What this task involves: Only one stretch of the records below is wanted: the lines from the one holding "Blissful Blue (4005-3C)" through the one holding "Antique Mid- Late 1800s Applique Quilt". Return it exactly, both ends included.

Collection entries:
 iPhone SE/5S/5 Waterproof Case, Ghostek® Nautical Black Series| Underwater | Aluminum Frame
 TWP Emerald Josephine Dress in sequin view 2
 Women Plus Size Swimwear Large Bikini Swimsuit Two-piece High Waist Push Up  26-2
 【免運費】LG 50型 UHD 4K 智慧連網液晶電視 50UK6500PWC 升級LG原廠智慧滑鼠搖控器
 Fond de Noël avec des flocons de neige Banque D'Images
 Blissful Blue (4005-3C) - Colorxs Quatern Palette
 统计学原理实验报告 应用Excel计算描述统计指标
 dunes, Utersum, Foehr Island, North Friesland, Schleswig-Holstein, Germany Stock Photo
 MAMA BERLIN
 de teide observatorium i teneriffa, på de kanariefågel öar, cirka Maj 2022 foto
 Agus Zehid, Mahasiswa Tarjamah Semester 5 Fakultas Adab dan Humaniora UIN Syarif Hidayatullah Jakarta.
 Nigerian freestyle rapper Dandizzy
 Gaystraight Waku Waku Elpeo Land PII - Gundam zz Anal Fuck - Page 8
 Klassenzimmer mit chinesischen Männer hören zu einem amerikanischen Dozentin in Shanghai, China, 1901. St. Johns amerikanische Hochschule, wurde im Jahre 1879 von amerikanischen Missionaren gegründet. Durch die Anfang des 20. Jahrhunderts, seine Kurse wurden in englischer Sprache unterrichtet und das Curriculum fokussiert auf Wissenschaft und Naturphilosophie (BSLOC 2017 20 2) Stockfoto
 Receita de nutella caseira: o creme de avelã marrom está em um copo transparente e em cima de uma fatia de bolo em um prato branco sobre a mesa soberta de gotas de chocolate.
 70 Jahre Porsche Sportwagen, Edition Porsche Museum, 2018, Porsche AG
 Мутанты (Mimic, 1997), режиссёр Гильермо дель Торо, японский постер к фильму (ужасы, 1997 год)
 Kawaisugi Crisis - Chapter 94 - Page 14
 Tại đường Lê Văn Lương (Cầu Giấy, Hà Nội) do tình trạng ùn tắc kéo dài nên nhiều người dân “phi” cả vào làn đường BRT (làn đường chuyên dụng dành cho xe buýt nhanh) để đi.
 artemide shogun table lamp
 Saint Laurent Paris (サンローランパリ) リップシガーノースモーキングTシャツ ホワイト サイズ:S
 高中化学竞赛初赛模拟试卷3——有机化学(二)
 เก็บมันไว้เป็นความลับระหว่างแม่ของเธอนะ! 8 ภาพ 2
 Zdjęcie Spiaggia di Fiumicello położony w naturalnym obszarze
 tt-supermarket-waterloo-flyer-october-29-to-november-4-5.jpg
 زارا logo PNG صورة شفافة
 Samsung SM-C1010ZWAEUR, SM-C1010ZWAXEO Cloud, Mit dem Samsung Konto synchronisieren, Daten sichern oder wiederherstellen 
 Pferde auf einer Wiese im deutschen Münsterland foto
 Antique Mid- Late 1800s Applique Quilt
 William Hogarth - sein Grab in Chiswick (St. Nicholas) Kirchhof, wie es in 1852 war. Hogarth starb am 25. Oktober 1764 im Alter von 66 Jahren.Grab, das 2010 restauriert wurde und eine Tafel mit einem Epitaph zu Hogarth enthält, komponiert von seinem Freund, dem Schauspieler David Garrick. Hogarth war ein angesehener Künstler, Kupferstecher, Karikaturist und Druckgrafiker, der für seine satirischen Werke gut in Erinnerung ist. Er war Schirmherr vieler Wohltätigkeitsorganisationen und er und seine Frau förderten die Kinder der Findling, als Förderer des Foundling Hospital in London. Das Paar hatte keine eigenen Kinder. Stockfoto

Reply to the task:
 Blissful Blue (4005-3C) - Colorxs Quatern Palette
 统计学原理实验报告 应用Excel计算描述统计指标
 dunes, Utersum, Foehr Island, North Friesland, Schleswig-Holstein, Germany Stock Photo
 MAMA BERLIN
 de teide observatorium i teneriffa, på de kanariefågel öar, cirka Maj 2022 foto
 Agus Zehid, Mahasiswa Tarjamah Semester 5 Fakultas Adab dan Humaniora UIN Syarif Hidayatullah Jakarta.
 Nigerian freestyle rapper Dandizzy
 Gaystraight Waku Waku Elpeo Land PII - Gundam zz Anal Fuck - Page 8
 Klassenzimmer mit chinesischen Männer hören zu einem amerikanischen Dozentin in Shanghai, China, 1901. St. Johns amerikanische Hochschule, wurde im Jahre 1879 von amerikanischen Missionaren gegründet. Durch die Anfang des 20. Jahrhunderts, seine Kurse wurden in englischer Sprache unterrichtet und das Curriculum fokussiert auf Wissenschaft und Naturphilosophie (BSLOC 2017 20 2) Stockfoto
 Receita de nutella caseira: o creme de avelã marrom está em um copo transparente e em cima de uma fatia de bolo em um prato branco sobre a mesa soberta de gotas de chocolate.
 70 Jahre Porsche Sportwagen, Edition Porsche Museum, 2018, Porsche AG
 Мутанты (Mimic, 1997), режиссёр Гильермо дель Торо, японский постер к фильму (ужасы, 1997 год)
 Kawaisugi Crisis - Chapter 94 - Page 14
 Tại đường Lê Văn Lương (Cầu Giấy, Hà Nội) do tình trạng ùn tắc kéo dài nên nhiều người dân “phi” cả vào làn đường BRT (làn đường chuyên dụng dành cho xe buýt nhanh) để đi.
 artemide shogun table lamp
 Saint Laurent Paris (サンローランパリ) リップシガーノースモーキングTシャツ ホワイト サイズ:S
 高中化学竞赛初赛模拟试卷3——有机化学(二)
 เก็บมันไว้เป็นความลับระหว่างแม่ของเธอนะ! 8 ภาพ 2
 Zdjęcie Spiaggia di Fiumicello położony w naturalnym obszarze
 tt-supermarket-waterloo-flyer-october-29-to-november-4-5.jpg
 زارا logo PNG صورة شفافة
 Samsung SM-C1010ZWAEUR, SM-C1010ZWAXEO Cloud, Mit dem Samsung Konto synchronisieren, Daten sichern oder wiederherstellen 
 Pferde auf einer Wiese im deutschen Münsterland foto
 Antique Mid- Late 1800s Applique Quilt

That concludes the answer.